That means nothing. Windows without the user interface is completely useless.

Reply Score: 1

v RE: Only the kernel?
by Sphinx on Wed 1st Nov 2006 15:21 UTC in reply to "Only the kernel?"
RE: Only the kernel?
by brother bloat on Wed 1st Nov 2006 15:29 UTC in reply to "Only the kernel?"
brother bloat Member since:
2005-07-06

That means nothing.

I disagree. I think this is a step in the right direction, no matter how small. I'll be interested to see where people go with this (if anywhere).

Reply Score: 3

RE[2]: Only the kernel?
by Rehdon on Wed 1st Nov 2006 16:25 UTC in reply to "RE: Only the kernel?"
Rehdon Member since:
2005-07-06

"The right direction" leading ... where? Don't be fooled by the "shared source" tag, this has nothing to do with open source.

rehdon

Reply Score: 3

RE[3]: Only the kernel?
by Temcat on Wed 1st Nov 2006 21:54 UTC in reply to "RE[2]: Only the kernel?"
Temcat Member since:
2005-10-18

The ability to at least look at the source will undoubtedly help the folks who have standardized on WinCE. But of course, if you develop OSS apps, you'd better keep away from this, since it can create all sorts of legal problems for you.

Reply Score: 2

RE: Only the kernel?
by frood on Wed 1st Nov 2006 16:01 UTC in reply to "Only the kernel?"
frood Member since:
2005-07-06

I'm guessing the idea behind this is that creators of new mobile devices will be able to modify the kernel and use Windows CE rather than using embedded linux.

Edited 2006-11-01 16:01

Reply Score: 5

Too late, too little:
by deb2006 on Wed 1st Nov 2006 15:30 UTC
deb2006
Member since:
2006-06-26

Honestly, who really cares about this? Embedded devices don't need Microsoft at all, and the opening of the kernel sources is nice, but it means nothing. Open up the GUI and we'll start talking.

Reply Score: 1

RE: Too late, too little:
by CuriosityKills on Wed 1st Nov 2006 18:44 UTC in reply to "Too late, too little:"
CuriosityKills Member since:
2005-07-10

Open up the GUI and we'll start talking.
Yeah right so you can steal from it?

Ask Apple to Open their GUI source, they are based on free kernel still they don't open.

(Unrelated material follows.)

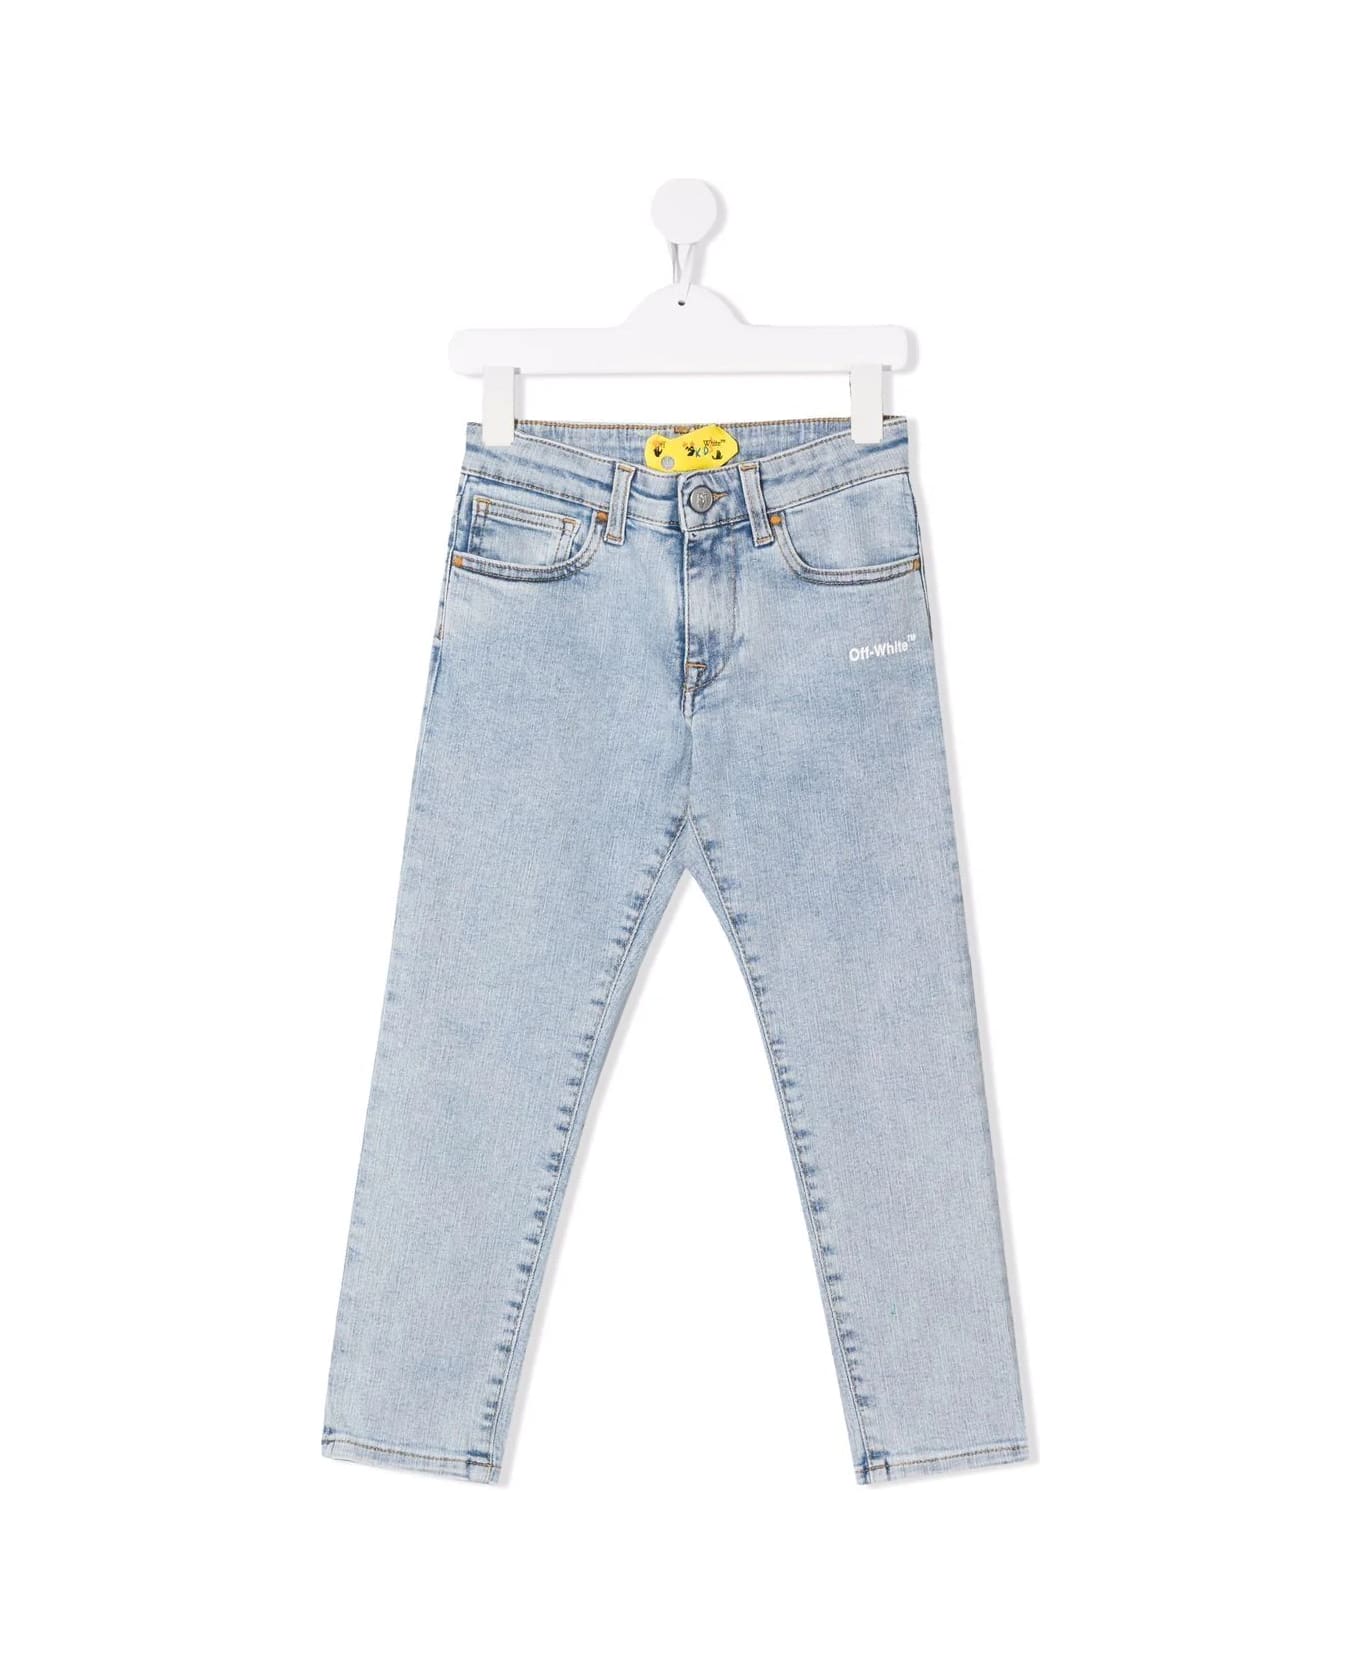 Off-White Kids Ow Helvetica Jeans In Light Denim - Light blue

For embedded devices related development, kernel source matters a lot. It is a good move.

Reply Score: 4

RE[2]: Too late, too little:
by CowMan on Thu 2nd Nov 2006 02:50 UTC in reply to "RE: Too late, too little:"
CowMan Member since:
2006-09-26

Given that GUI's are, well, primarily graphical in nature, it matters little whether you have the source or not; it's basically artwork and modes of interaction ("feel"). Easily ripped-off, I would think?

Reply Score: 2

Interesting...
by A.H. on Wed 1st Nov 2006 16:02 UTC
A.H.
Member since:
2005-11-11

"...will make Windows CE more attractive as an alternative to Linux in many embedded applications and devices that require substantial customization of the OS"

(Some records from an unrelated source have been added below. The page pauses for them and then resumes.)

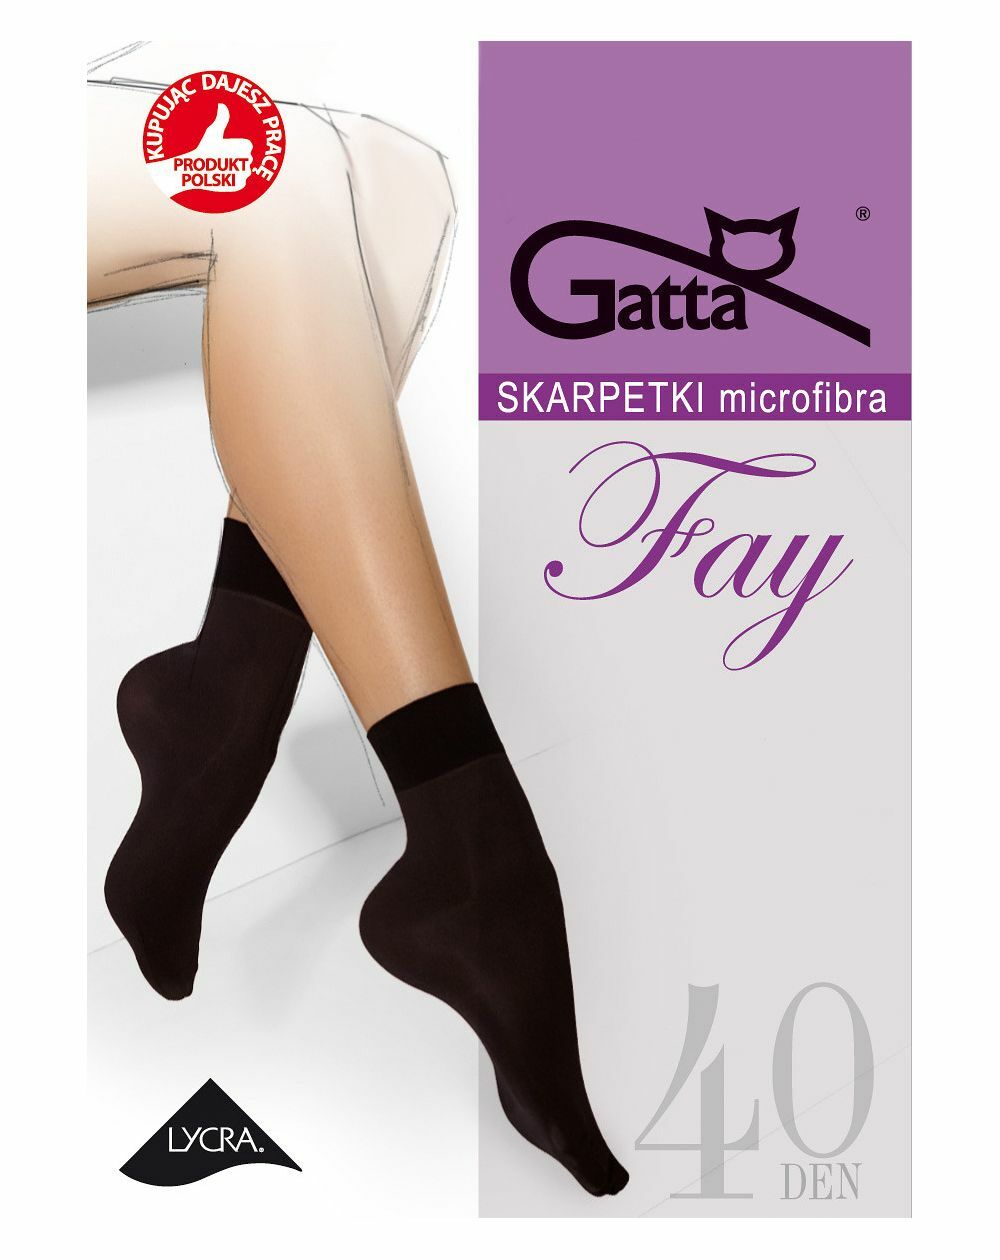 Gatta Fay Mikrofaser-Socken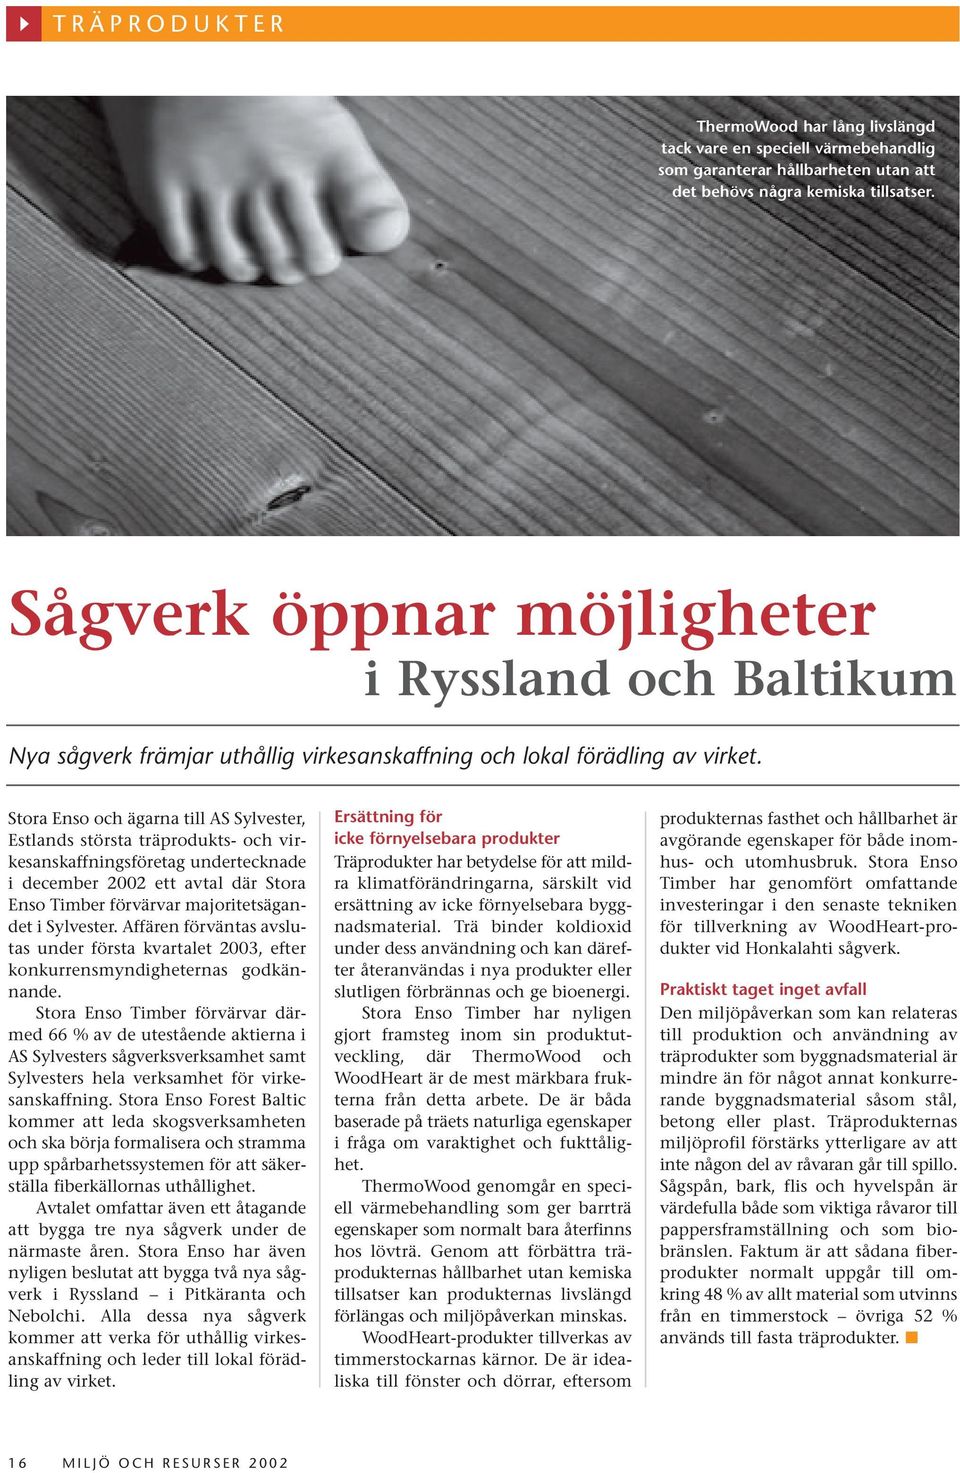 Stora Enso och ägarna till AS Sylvester, Estlands största träprodukts- och virkesanskaffningsföretag undertecknade i december 2002 ett avtal där Stora Enso Timber förvärvar majoritetsägandet i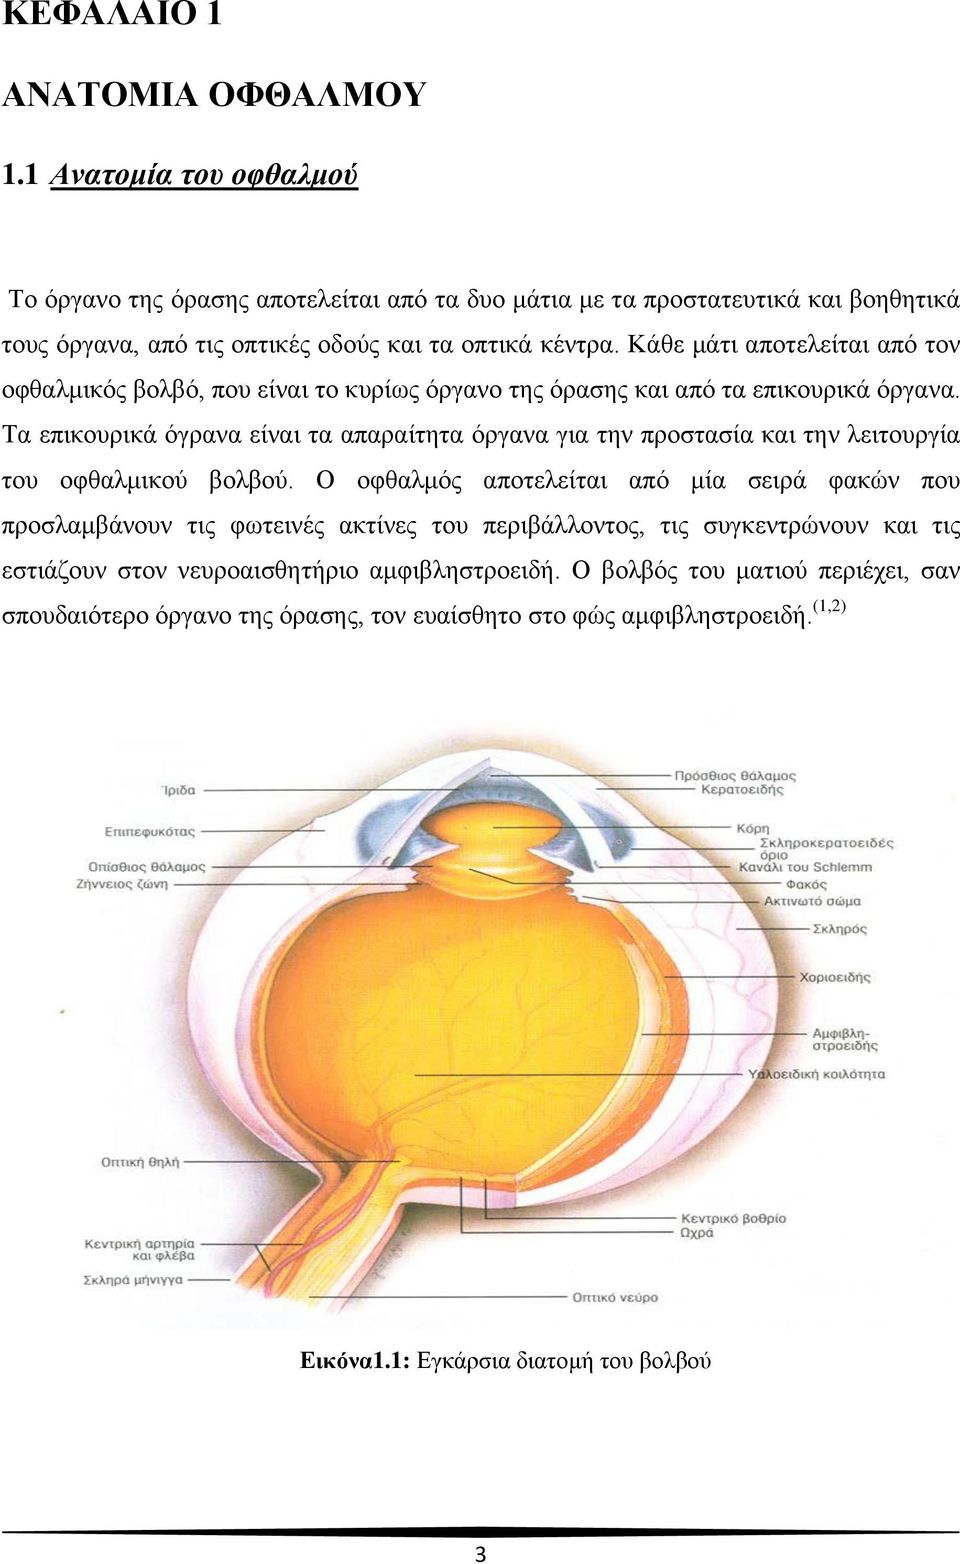 Κάθε μάτι αποτελείται από τον οφθαλμικός βολβό, που είναι το κυρίως όργανο της όρασης και από τα επικουρικά όργανα.

So, shared source allows 3rd party to actually make changes to the original code, not just look at it? In any case I think the companies that are prepared to get their hands dirty doing substantial customizations will likely chose fully open alternatives.

Maybe MS can share-source Microsoft Bob to run on top of Win CE 6.0 kernel ;) )

Reply Score: 5

RE: Interesting...
by dylansmrjones on Wed 1st Nov 2006 19:27 UTC in reply to "Interesting..."
dylansmrjones Member since:
2005-10-02

Maybe MS can share-source Microsoft Bob to run on top of Win CE 6.0 kernel ;) )

Ohhh noooooo (imitating Lemmings)..

I don't know whether your statement should be considered funny or offensive - it's sort of both ;)

Reply Score: 2

Windows CE shared source.
by miguel on Wed 1st Nov 2006 16:08 UTC
miguel
Member since:
2005-07-27

The Windows CE source code was available as shared source a few years ago, this is not a new development.

At the time (2-3 years ago) it was a big deal, am not sure this is a new development.

Reply Score: 4

RE: Windows CE shared source.
by broken_symlink on Thu 2nd Nov 2006 00:12 UTC in reply to "Windows CE shared source."
broken_symlink Member since:
2005-07-06

yep i still have the dvds of the win ce 4 source somewhere

Reply Score: 1

Shared Source=Closed Sourced
by zizban on Wed 1st Nov 2006 16:27 UTC
zizban
Member since:
2005-07-06

MS's shared source program is a look but dont touch and you have to jump through a lot of hurdles to see the code, sign agreements, etc. In the end, you can see the source, but you can't build your own kernel or submit modifications back to MS. It's 99% hype.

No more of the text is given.